Connectionism is the name of an approach to the study of human mental processes and cognition that utilizes mathematical models known as connectionist networks or artificial neural networks.[1] Connectionism has had many "waves" since its beginnings.
The first wave appeared 1943 with Warren Sturgis McCulloch and Walter Pitts both focusing on comprehending neural circuitry through a formal and mathematical approach,[2] and Frank Rosenblatt who published the 1958 paper "The Perceptron: A Probabilistic Model For Information Storage and Organization in the Brain" in Psychological Review, while working at the Cornell Aeronautical Laboratory.[3] The first wave ended with the 1969 book about the limitations of the original perceptron idea, written by Marvin Minsky and Seymour Papert, which contributed to discouraging major funding agencies in the US from investing in connectionist research.[4] With a few noteworthy deviations, most connectionist research entered a period of inactivity until the mid-1980s. The term connectionist model was reintroduced in a 1982 paper in the journal Cognitive Science by Jerome Feldman and Dana Ballard.
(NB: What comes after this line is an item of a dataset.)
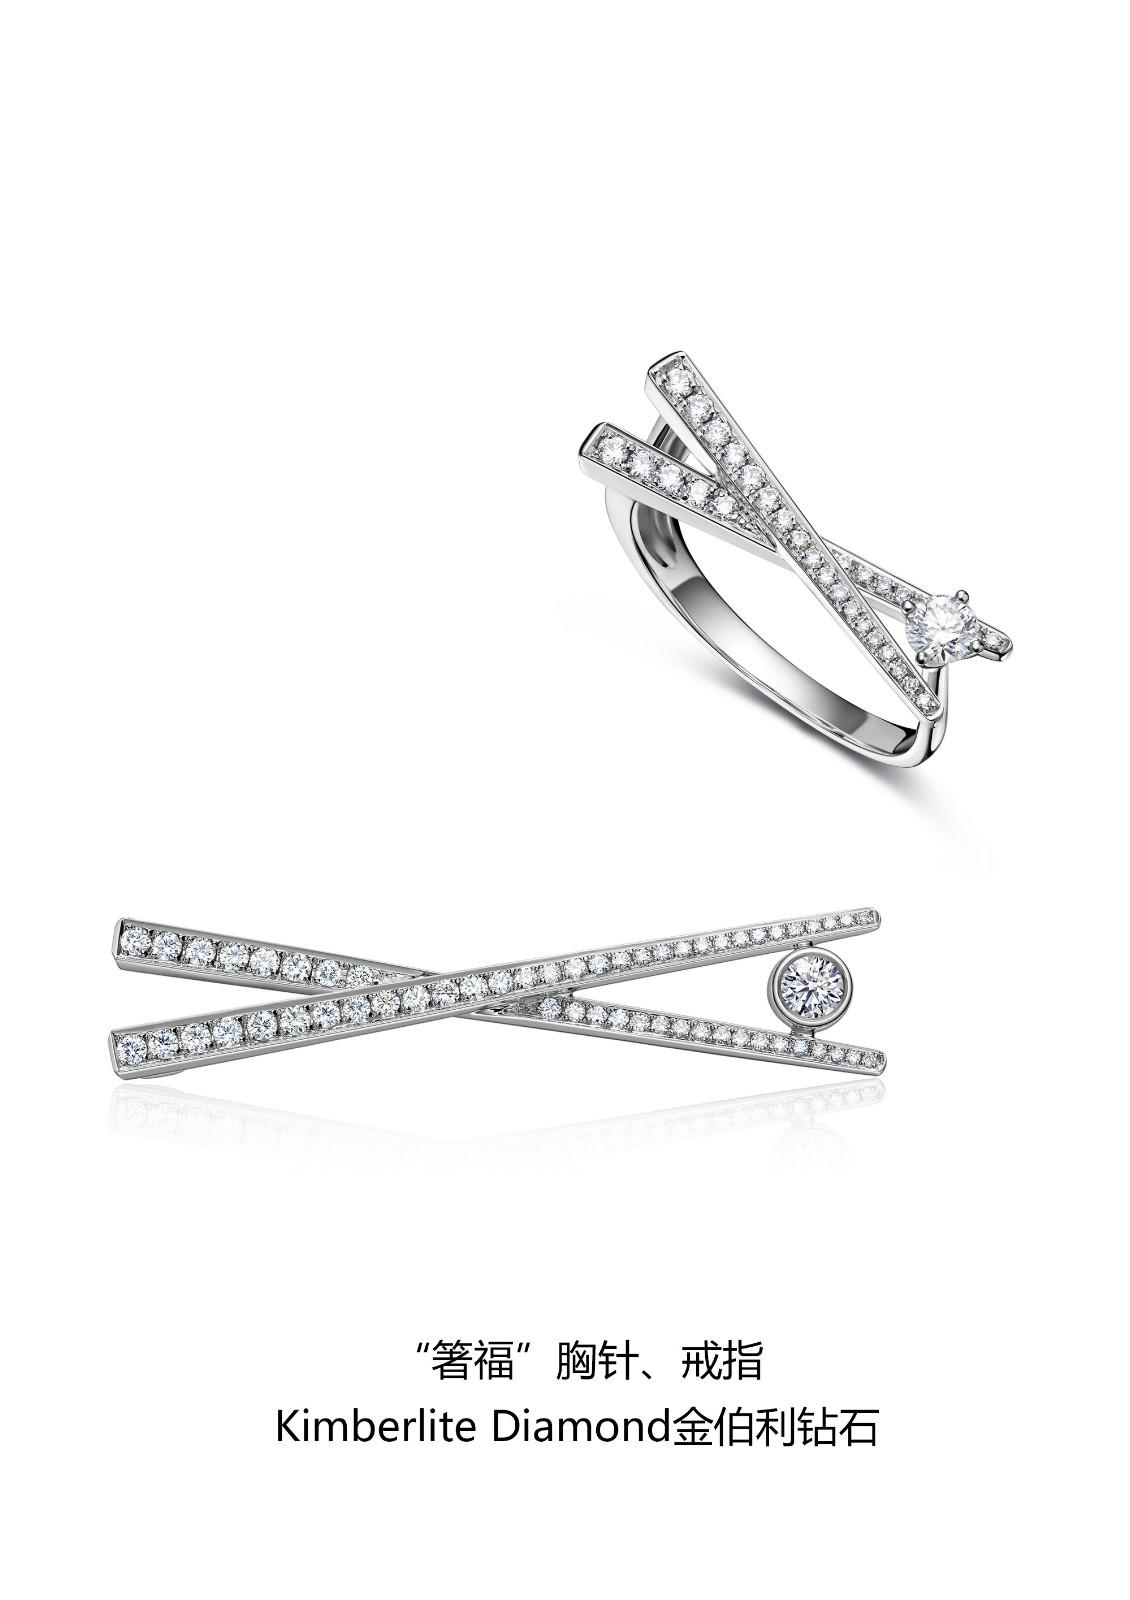 箸福高级珠宝胸针、戒指

The second wave blossomed in the late 1980s, following a 1987 book about Parallel Distributed Processing by James L. McClelland, David E. Rumelhart et al., which introduced a couple of improvements to the simple perceptron idea, such as intermediate processors (now known as "hidden layers") alongside input and output units, and used a sigmoid activation function instead of the old "all-or-nothing" function. Their work built upon that of John Hopfield, who was a key figure investigating the mathematical characteristics of sigmoid activation functions.[3] From the late 1980s to the mid-1990s, connectionism took on an almost revolutionary tone when Schneider,[5] Terence Horgan and Tienson posed the question of whether connectionism represented a fundamental shift in psychology and so-called "good old-fashioned AI," or GOFAI.[3] Some advantages of the second wave connectionist approach included its applicability to a broad array of functions, structural approximation to biological neurons, low requirements for innate structure, and capacity for graceful degradation.[6] Its disadvantages included the difficulty in deciphering how ANNs process information or account for the compositionality of mental representations, and a resultant difficulty explaining phenomena at a higher level.[7]
The current (third) wave has been marked by advances in deep learning, which have made possible the creation of large language models.[3] The success of deep-learning networks in the past decade has greatly increased the popularity of this approach, but the complexity and scale of such networks has brought with them increased interpretability problems.[8]